Detective novelist Craig Johnson makes crime pay

Publisher Viking Penguin hopes his fourth book, 'Another Man's Moccasins,' raises his profile.

CRAIG Johnson comes as advertised. Standing outside the Autry National Center on a boiling summer afternoon, the Wyoming-based crime novelist is decked out in a long-sleeve shirt made of heavy cotton, scuffed brown boots and a 10-gallon hat that provides shade, but not nearly enough. Spotting his interlocutor, Johnson sticks out his hand and delivers a booming "How ya doin'?!" This is the same Marlboro Man who squints at readers from the window of a beat-up junker truck on the jackets of his four novels, which includes the recently released "Another Man's Moccasins."

If you didn't know that Johnson was a rising star in the crime novel genre, you might mistake the guileless rancher for a hayseed agog in the big city. That is, until he goes inside the museum and wanders around its latest exhibit on presidents and cowboys. Suddenly, Johnson is dropping little nuggets of historical information like a docent.
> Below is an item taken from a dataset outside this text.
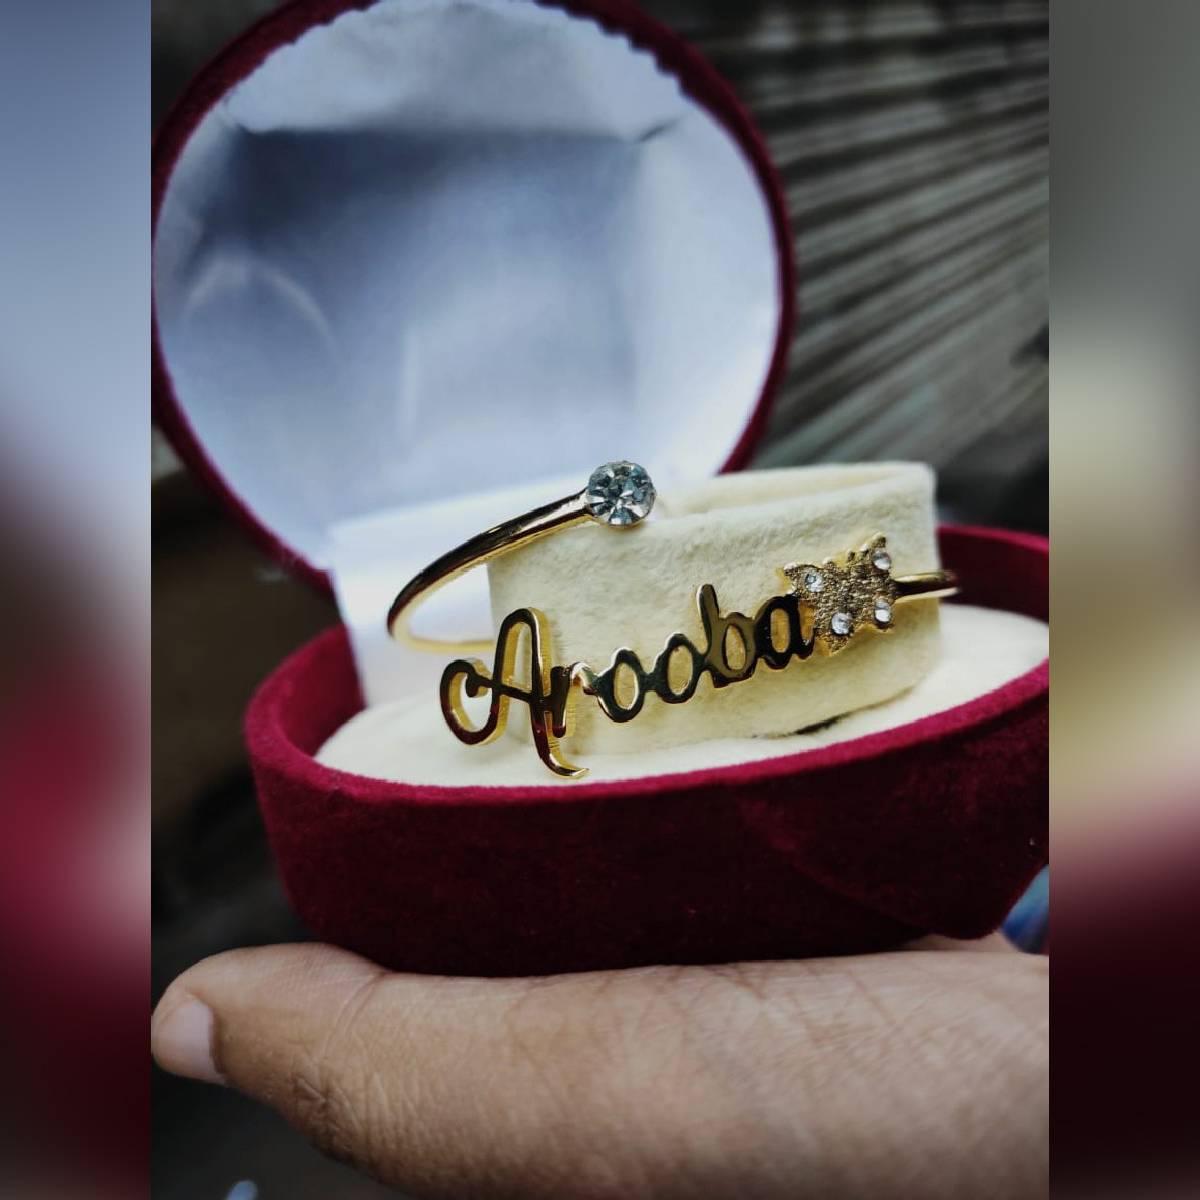 Gold Plated Name Bangle/ Bracelet for Girls & Women for Gift

Passing a photo of Bat Masterson, Johnson, 47, reels off the titles of some of the dime novels that the famed western crime-fighter wrote. He's got a few choice factoids on Lyndon B. Johnson and Calvin Coolidge as well.

In "Another Man's Moccasins," Johnson flashes back and forth between present-day Wyoming -- the setting for all four of his novels -- and LBJ-era Vietnam, where Johnson's protagonist, Sheriff Walt Longmire, once served as a Marine investigator during the war. As Longmire, the star of all four Johnson novels, searches for the killer of a Vietnamese girl who's found on the highway in tiny Absaroka County, his past creeps up on him, back to memories of drug runners and prostitutes among the mud and pestilence of Tan Son Nhut and Tet. As Longmire unravels the present-day murder mystery, Johnson uses his parallel stories to ponder racism, redemption and the gravitational pull of the past.

Like the greatest crime novelists, Johnson is a student of human nature. Walt Longmire is strong but fallible, a man whose devil-may-care stoicism masks a heightened sensitivity to the horrors he's witnessed. "Longmire has seen some bad stuff in his life," said Johnson. "I suppose there's a good deal of myself in Walt, but he's unhappier than I am. He certainly believes in the goodness of humankind even as he deals with his share of, for lack of a better word, evil."